The number 2302 would show up the most. (I would use a Dictionary object)

To get the value of this number would be

? UKS(2302, 4, 26)

{2, 3, 4, 6}

Which when reversed would be "B C D F"

A macro for this is very fast.
Again, it might be something you might want to research.

Dana DeLouis
 
B

Bernd P

Hello,

I think it's a bit early to provide "solutions".

How many different items does Alonso really have and with how many can
his "mean boss" come up with in future?
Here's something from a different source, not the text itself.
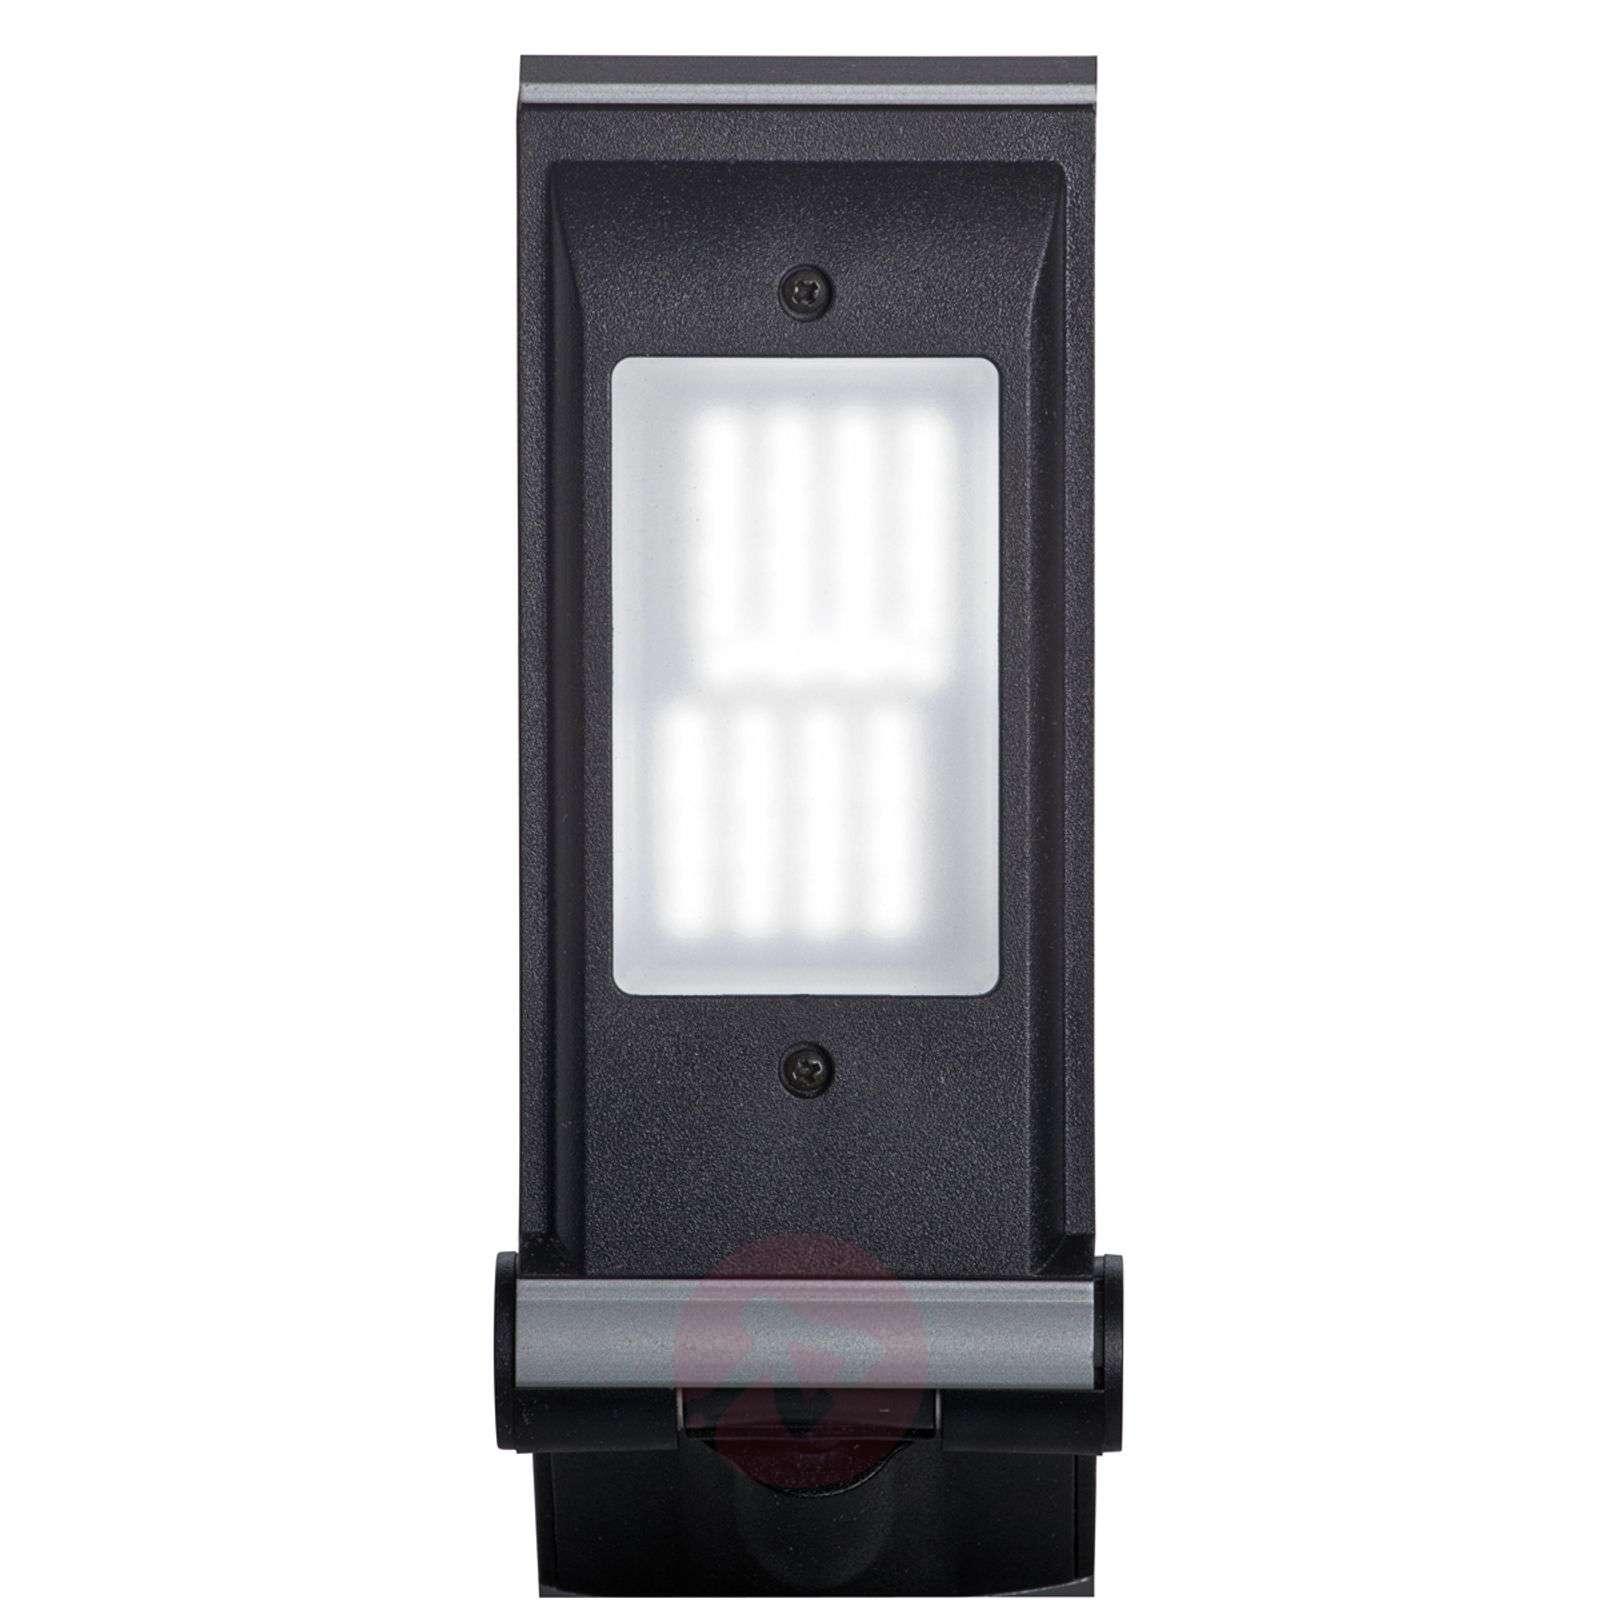 LED-työpöytävalaisin Optimus pöytäkiinnikkeellä-6509086-01

The supposed answer 26 seems
quite unlikely to me.

And is the number 4 for the favourite mix likely to be changed, again
maybe by his "mean boss"?

If the number of all possible combinations you may find that you
should start with frequency tables of
a) most frequently purchased single items
b) most frequent mix of 2
c) ... of 3
and so on, for n maybe only exploring the more likely mixes < (1),
(n-1) >

Regards,
Bernd
 
A

Alonso

Actually, I'm open to any kind of possible "solutions"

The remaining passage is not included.